Records from a collection:
↓↓↓

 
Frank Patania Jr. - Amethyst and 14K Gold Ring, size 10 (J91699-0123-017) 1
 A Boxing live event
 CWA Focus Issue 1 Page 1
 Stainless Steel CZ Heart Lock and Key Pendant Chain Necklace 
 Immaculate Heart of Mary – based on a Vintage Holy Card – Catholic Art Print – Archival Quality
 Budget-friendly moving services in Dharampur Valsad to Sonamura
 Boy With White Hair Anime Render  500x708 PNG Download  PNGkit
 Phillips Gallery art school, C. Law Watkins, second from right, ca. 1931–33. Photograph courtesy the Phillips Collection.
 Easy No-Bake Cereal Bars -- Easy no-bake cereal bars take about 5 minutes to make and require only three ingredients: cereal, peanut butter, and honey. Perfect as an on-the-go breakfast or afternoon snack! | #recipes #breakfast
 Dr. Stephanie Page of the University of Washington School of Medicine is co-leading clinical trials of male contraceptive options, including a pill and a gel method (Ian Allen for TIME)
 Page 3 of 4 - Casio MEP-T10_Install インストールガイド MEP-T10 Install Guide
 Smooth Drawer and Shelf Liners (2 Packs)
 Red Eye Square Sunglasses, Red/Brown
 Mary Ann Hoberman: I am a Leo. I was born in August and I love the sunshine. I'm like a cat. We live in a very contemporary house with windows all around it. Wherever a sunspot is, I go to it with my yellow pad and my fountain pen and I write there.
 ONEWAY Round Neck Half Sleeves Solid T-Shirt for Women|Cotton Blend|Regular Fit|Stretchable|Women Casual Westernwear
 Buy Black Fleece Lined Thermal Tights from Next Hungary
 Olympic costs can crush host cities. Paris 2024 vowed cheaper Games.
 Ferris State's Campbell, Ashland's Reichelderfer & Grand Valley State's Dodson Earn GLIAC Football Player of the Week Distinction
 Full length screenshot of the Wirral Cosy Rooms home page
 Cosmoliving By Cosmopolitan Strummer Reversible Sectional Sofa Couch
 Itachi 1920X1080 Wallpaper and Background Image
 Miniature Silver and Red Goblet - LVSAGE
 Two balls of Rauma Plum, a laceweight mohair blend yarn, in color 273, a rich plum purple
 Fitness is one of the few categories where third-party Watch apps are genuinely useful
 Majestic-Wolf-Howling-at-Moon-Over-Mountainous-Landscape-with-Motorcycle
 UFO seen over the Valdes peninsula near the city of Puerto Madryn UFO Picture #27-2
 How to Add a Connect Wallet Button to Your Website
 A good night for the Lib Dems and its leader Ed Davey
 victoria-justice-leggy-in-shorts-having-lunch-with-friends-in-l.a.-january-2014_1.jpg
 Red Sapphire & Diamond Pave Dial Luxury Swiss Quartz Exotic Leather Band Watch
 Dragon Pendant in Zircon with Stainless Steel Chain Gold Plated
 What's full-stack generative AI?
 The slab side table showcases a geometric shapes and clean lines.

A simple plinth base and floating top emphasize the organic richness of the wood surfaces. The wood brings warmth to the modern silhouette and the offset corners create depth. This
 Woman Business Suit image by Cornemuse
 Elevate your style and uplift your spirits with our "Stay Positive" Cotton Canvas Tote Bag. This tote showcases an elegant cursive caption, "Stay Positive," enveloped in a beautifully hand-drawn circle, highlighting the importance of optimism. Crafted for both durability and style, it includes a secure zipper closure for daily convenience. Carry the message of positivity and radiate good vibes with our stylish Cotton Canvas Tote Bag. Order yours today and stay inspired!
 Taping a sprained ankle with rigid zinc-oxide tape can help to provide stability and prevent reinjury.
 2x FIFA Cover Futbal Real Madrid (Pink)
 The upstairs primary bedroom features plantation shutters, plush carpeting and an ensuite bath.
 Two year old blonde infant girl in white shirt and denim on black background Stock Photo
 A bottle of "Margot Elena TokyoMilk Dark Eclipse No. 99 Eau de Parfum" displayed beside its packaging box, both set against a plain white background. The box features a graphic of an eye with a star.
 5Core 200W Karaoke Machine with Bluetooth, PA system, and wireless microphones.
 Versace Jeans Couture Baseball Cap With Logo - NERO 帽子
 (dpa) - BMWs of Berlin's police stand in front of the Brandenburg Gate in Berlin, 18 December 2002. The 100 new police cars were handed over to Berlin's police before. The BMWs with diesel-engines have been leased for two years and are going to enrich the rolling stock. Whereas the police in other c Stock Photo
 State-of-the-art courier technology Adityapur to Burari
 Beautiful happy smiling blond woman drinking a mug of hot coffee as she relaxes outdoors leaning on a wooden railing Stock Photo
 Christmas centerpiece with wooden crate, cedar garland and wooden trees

↑↑↑

▸ **Prompt**
Reproduce only the lines above spanning from the line containing "A simple plinth" through the line containing "Versace Jeans Couture", word for word.

▸ **Reply to the exercise**
A simple plinth base and floating top emphasize the organic richness of the wood surfaces. The wood brings warmth to the modern silhouette and the offset corners create depth. This
 Woman Business Suit image by Cornemuse
 Elevate your style and uplift your spirits with our "Stay Positive" Cotton Canvas Tote Bag. This tote showcases an elegant cursive caption, "Stay Positive," enveloped in a beautifully hand-drawn circle, highlighting the importance of optimism. Crafted for both durability and style, it includes a secure zipper closure for daily convenience. Carry the message of positivity and radiate good vibes with our stylish Cotton Canvas Tote Bag. Order yours today and stay inspired!
 Taping a sprained ankle with rigid zinc-oxide tape can help to provide stability and prevent reinjury.
 2x FIFA Cover Futbal Real Madrid (Pink)
 The upstairs primary bedroom features plantation shutters, plush carpeting and an ensuite bath.
 Two year old blonde infant girl in white shirt and denim on black background Stock Photo
 A bottle of "Margot Elena TokyoMilk Dark Eclipse No. 99 Eau de Parfum" displayed beside its packaging box, both set against a plain white background. The box features a graphic of an eye with a star.
 5Core 200W Karaoke Machine with Bluetooth, PA system, and wireless microphones.
 Versace Jeans Couture Baseball Cap With Logo - NERO 帽子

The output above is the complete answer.